6. How (and When) to Use Skills, Hooks, Subagents, and MCP

Timestamps: 16:29–18:44

Reyes demystifies Factory’s extensibility: skills, hooks, sub-agents, and MCP (multimodal command processing) are all supported and power shared workflows.
Usage insights: Most enterprise users rely on a handful of customizable skills and integrations, and Factory enables org-wide management of these at scale.
Quote: “From enterprises… a couple of people focus in on making skills, MCPs, tools for their whole organization or big teams… It’s just easy to get everyone in your 10,000 person company outfitted with a skill that meaningfully changes dev productivity.” (18:11)
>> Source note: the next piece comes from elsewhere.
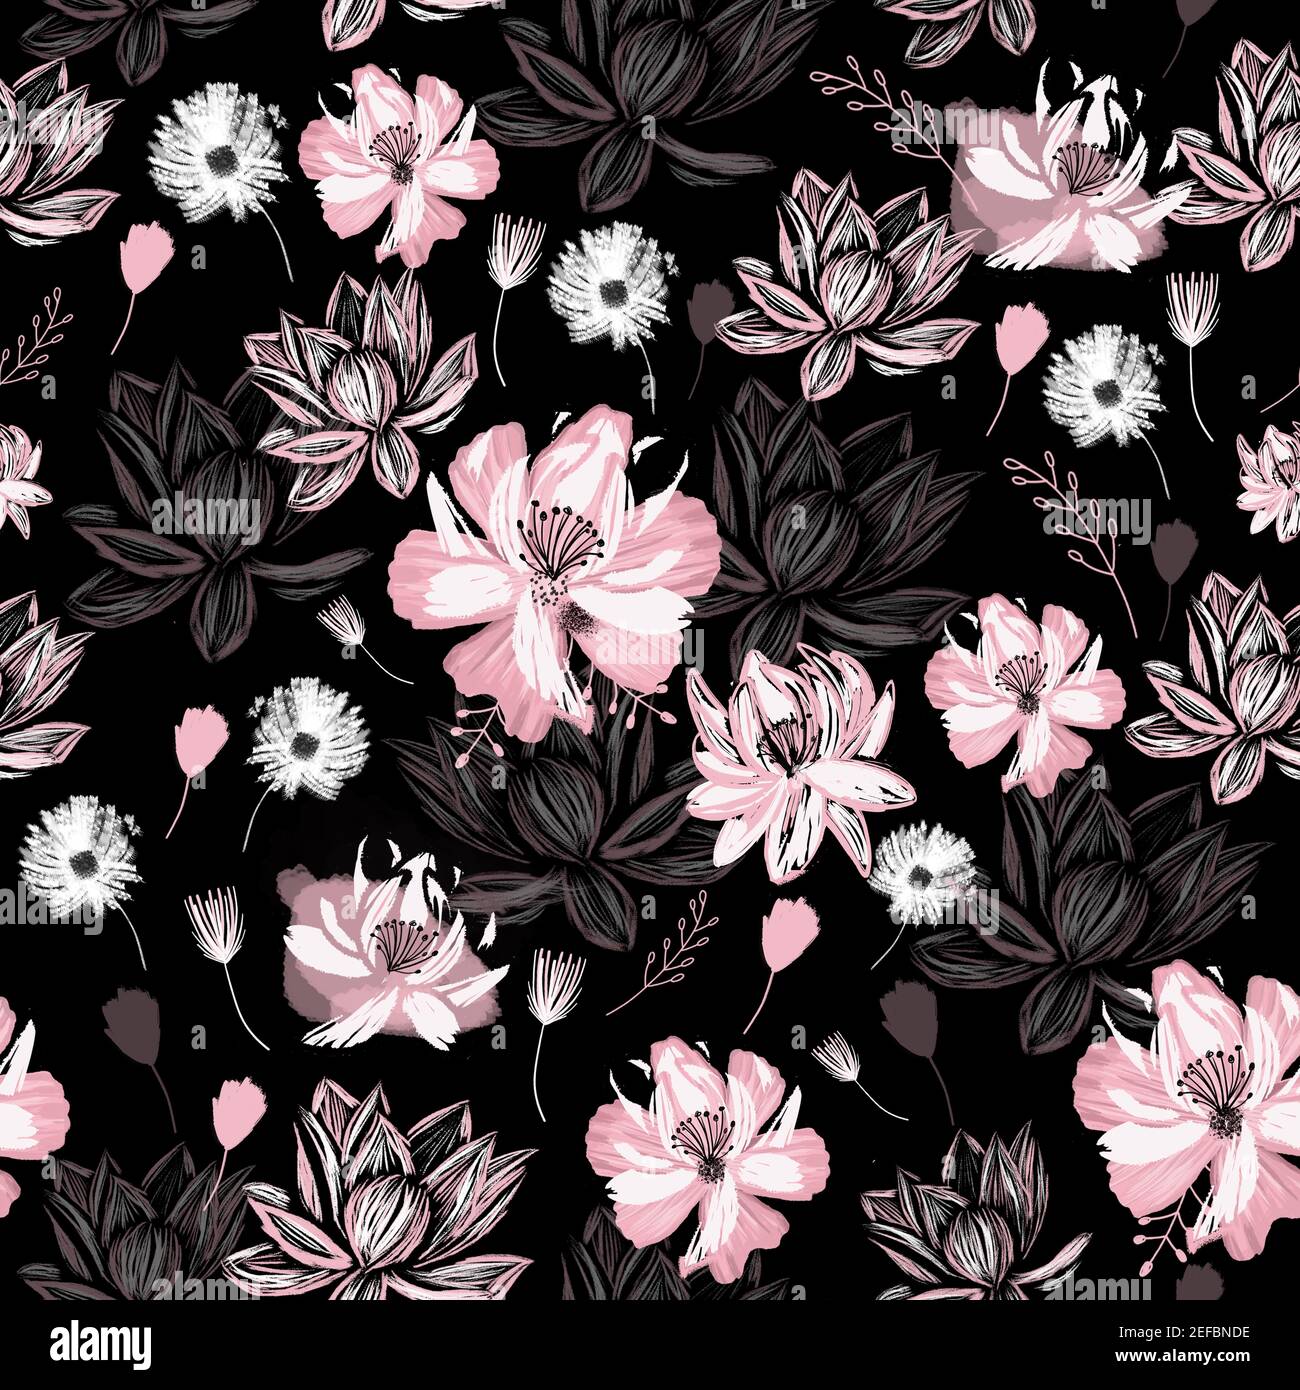 Seamless Floral Pattern on a Dark Background with Pink and White Flowers.  Garden Flowers Background. Surface design for Fabrics, Packaging, Wrapping  p Stock Photo - Alamy

7. Product Management Skill: A Deep Dive

Timestamps: 19:00–22:34

Reyes demos his Product Management skill (used for reviewing PRDs, specs, design docs, feature prioritization).
- Gathers live content from Notion (native integration), including product principles, core value prop, “11-star experience” framework (inspired by Airbnb), templates, etc.
- Ensures generated product docs reflect Factory’s philosophy (“Our five-star experience two years ago is now our baseline.”).
Quote: “This is probably one of my favorite skills that I have. … The structure of it ends up looking a lot more like the types of things that if you’ve been in the room at Factory for a year, you would say, instead of just what Opus 4.5 is randomly opining on.” (21:12, see also start of transcript)

8. Evolving Roles: Product Engineer vs. “Regular PM”

Timestamps: 22:34–25:05

Factory’s org model only hires “product engineers”—no traditional PMs. All roles are expected to drive most workflows with AI agents.
- Even sales/AE roles are power users of Droid (using skills for analysis, customer work, CRM, etc.).
- Quote: “What it means to be really any role has changed a lot… it’s quite clear for us.” (23:44)
AI agents as general productivity overlays—less about code, more about being able to articulate tasks and review or plan in natural language.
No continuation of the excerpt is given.